After reading the past few pages (and as a software architect), I'm curious, Cad, if you find being a lawyer more satisfying/stimulating (outside of money) than your software dev job? It seems like money is a very primary consideration but do you enjoy the actual work?
It is sometimes very hard to separate the money from the job. I've gotten bonus checks larger than my highest yearly salary as a software developer.
That said:
Sometimes lawyer work is great. Researching issues, writing briefs, arguing motions, trying cases. These are what I'd call "real legal work" because you really engage your legal education and knowledge of civil procedure to accomplish a task. Then there's the grunt work. Doc review. Discovery fights. Traveling. Taking/defending depositions can be tedious. Settlement negotiations, while exciting, are basically used car salesman bullshit because everyone is trying to get the best deal and nobody really wants to compromise.

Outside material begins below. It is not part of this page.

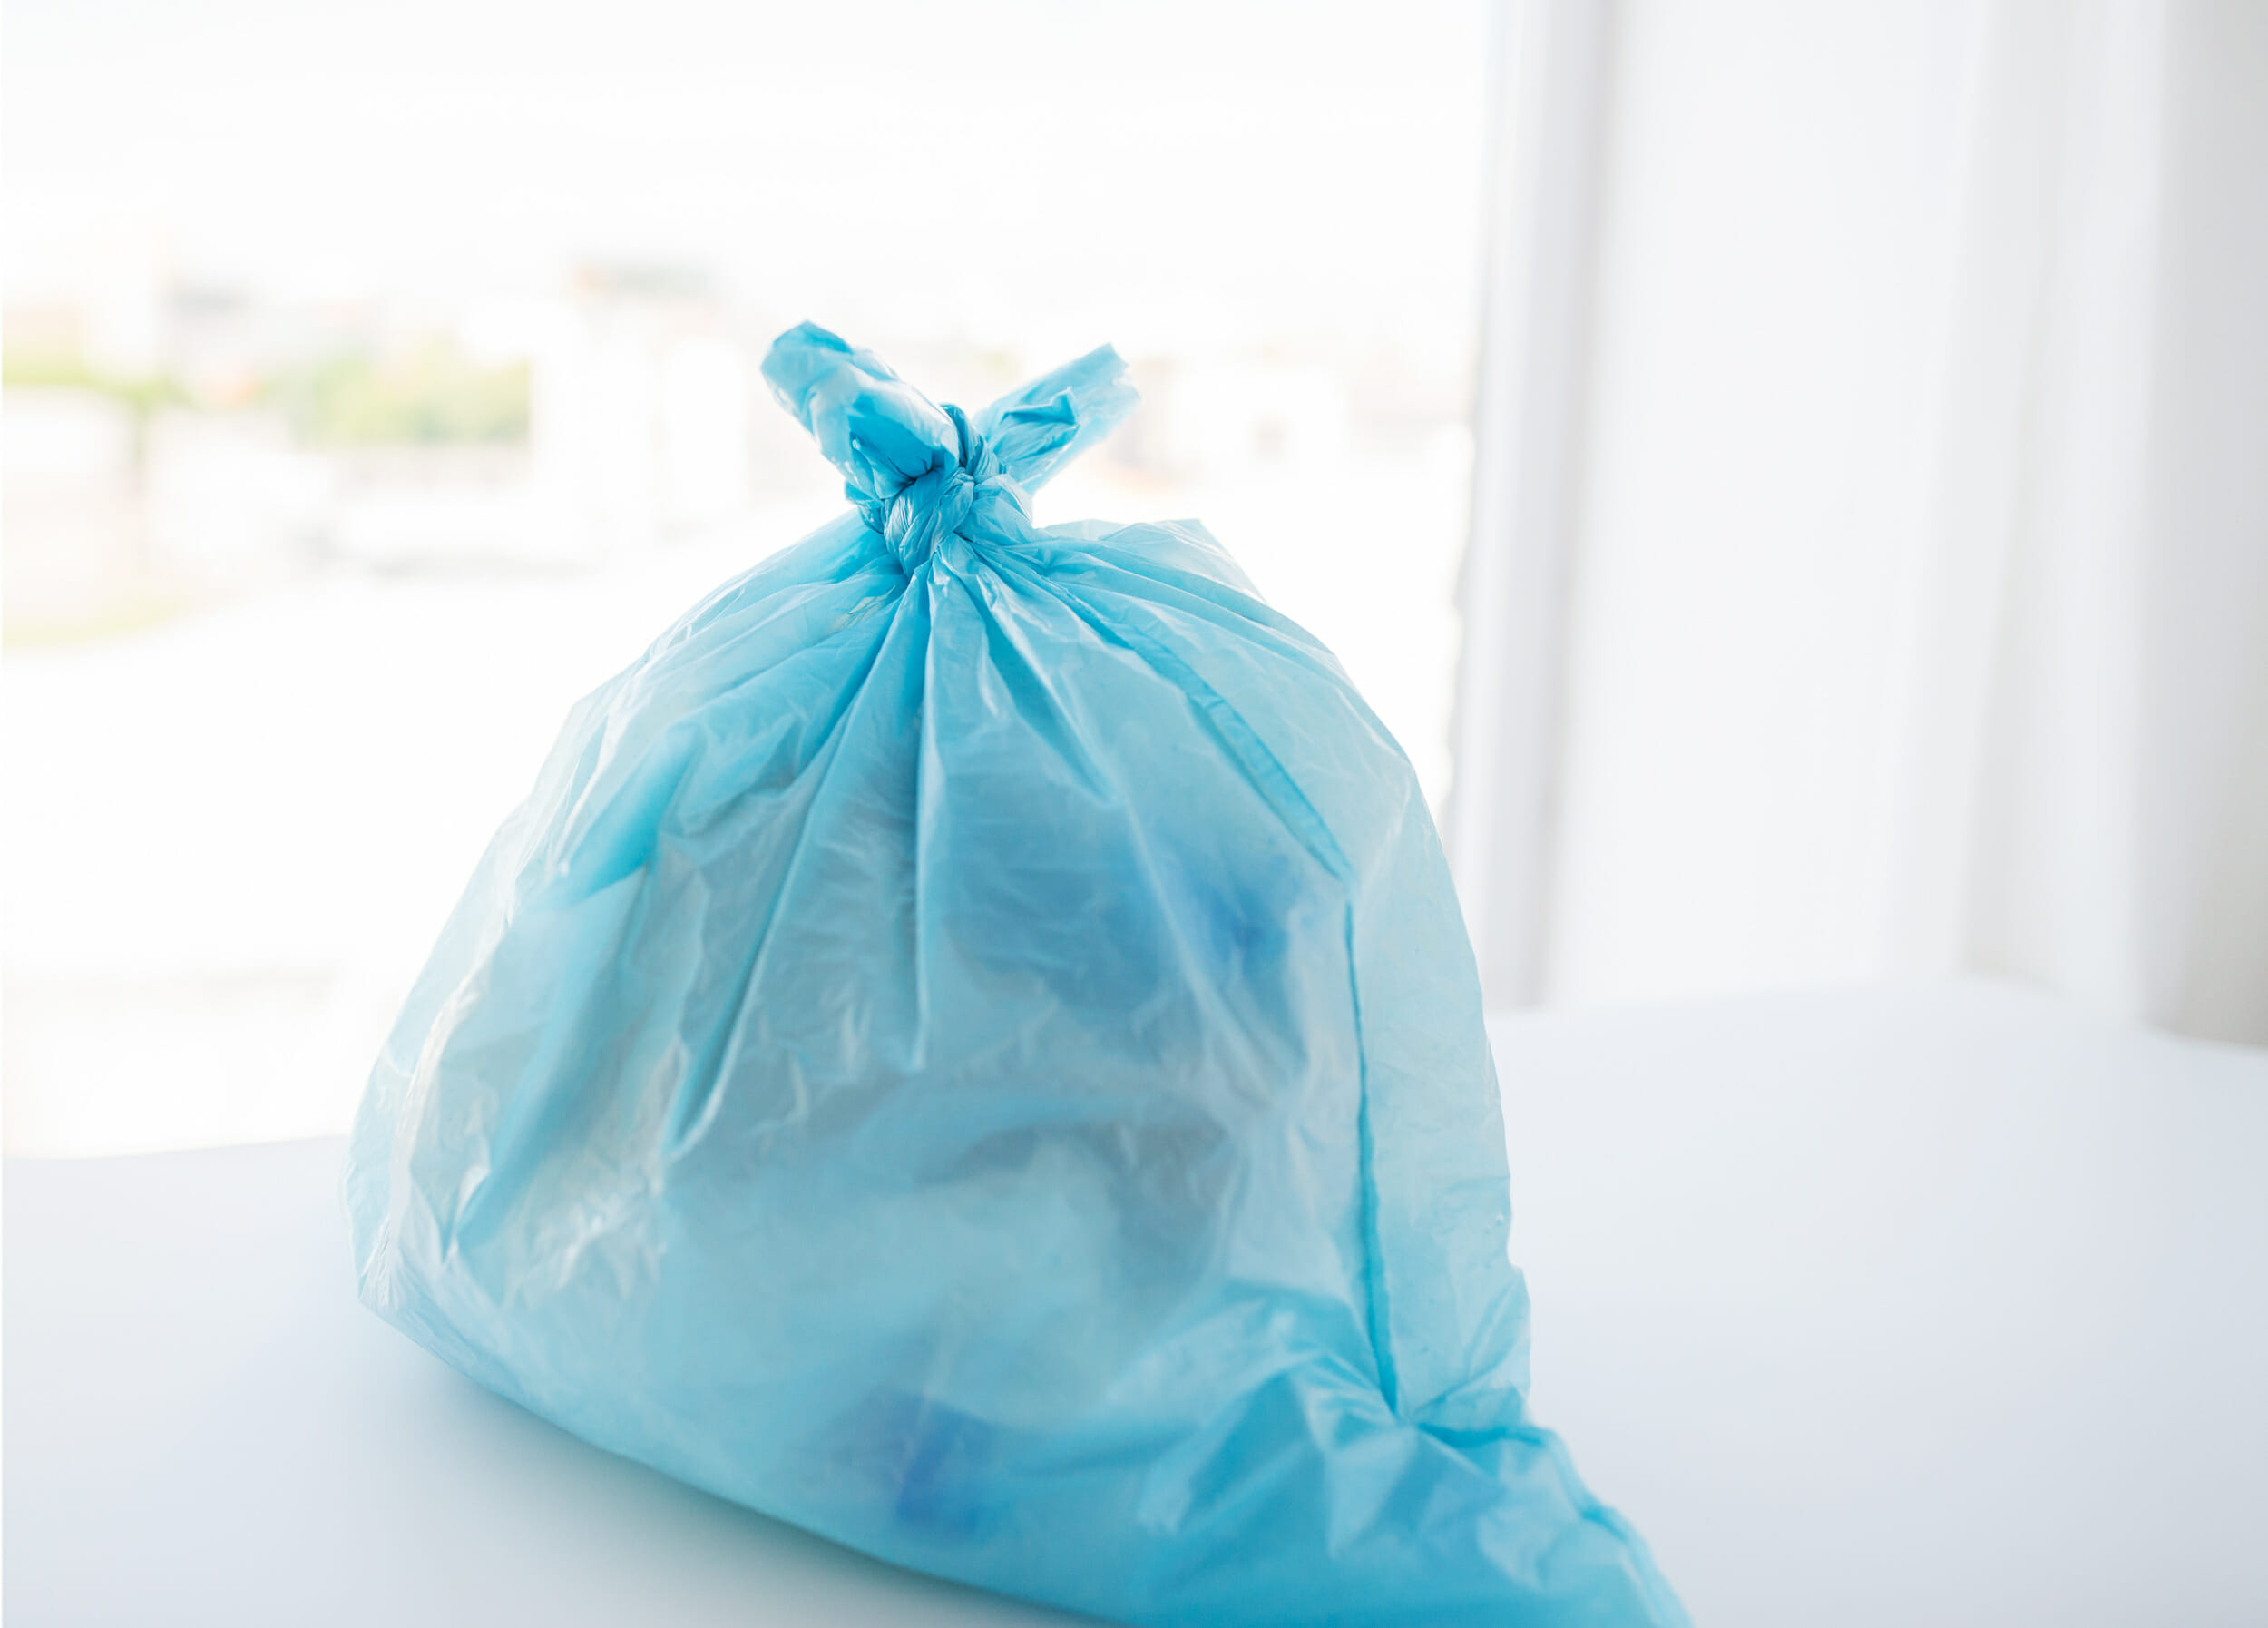 Bin bag safety: Be mindful of what you dispose of
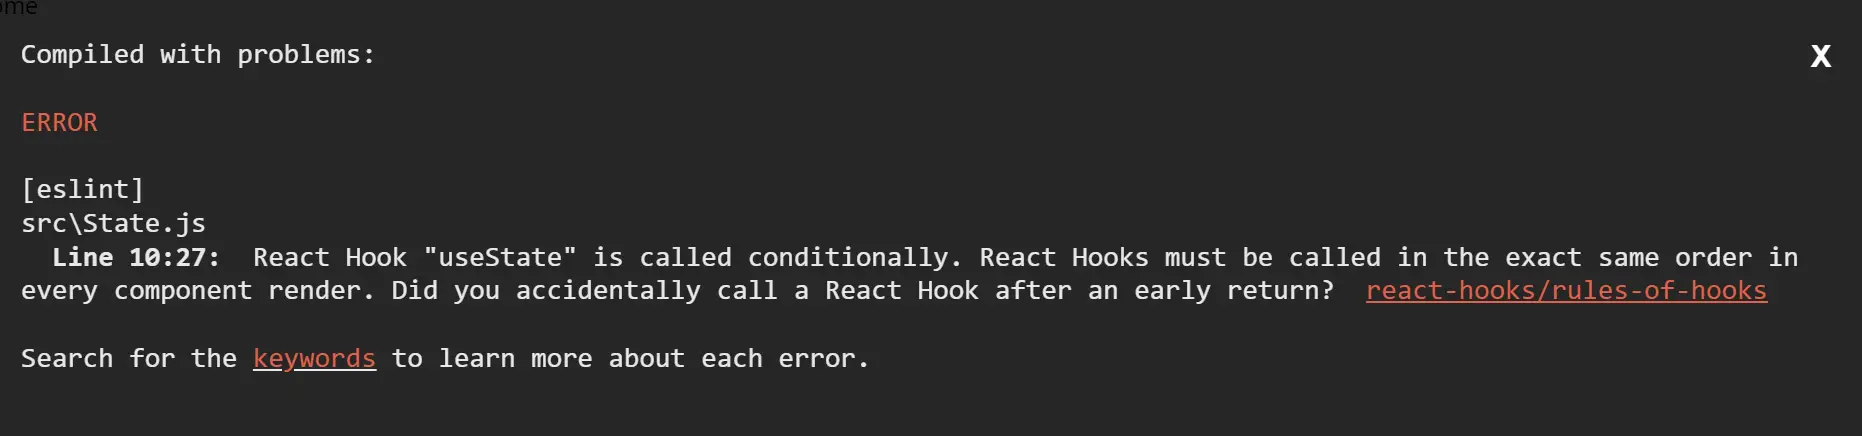 React Hook "useState" is called conditionally. React Hooks must be called in the exact same order in every component render. Did you accidentally call a React Hook after an early return?

As a software developer, I'd say I spent a larger portion of my time engaged in the "meat" of software work - I could spend weeks at a time engaged in heads-down development, creating modules or building a framework for my devs to fill in with modules. Finding bugs was fun to me, and I was good at it. However, even as a very senior guy, my opinion was subordinate to basic business decisions to we'd end up doing stupid shit that made no sense at times. I never had an office until I started my own company. I've done the picnic table in a warehouse thing with 100 other guys and it sucks. You get no respect as a professional and they pay you as if you're a replaceable cog, even if you're not. You really have to break out of the employee/employer mold and be a consultant to get paid what you're worth.
As a lawyer, every firm I go into we have AAA office space, we always get the exterior window offices with doors, I have a secretary that takes care of me (even though it is completely unnecessary, it's a nice perk), they cater lunches constantly, they pay for Seamless to bring us food if we're in the office past 7, etc...
It's not just the money its the little ways they treat you like a professional/pamper you.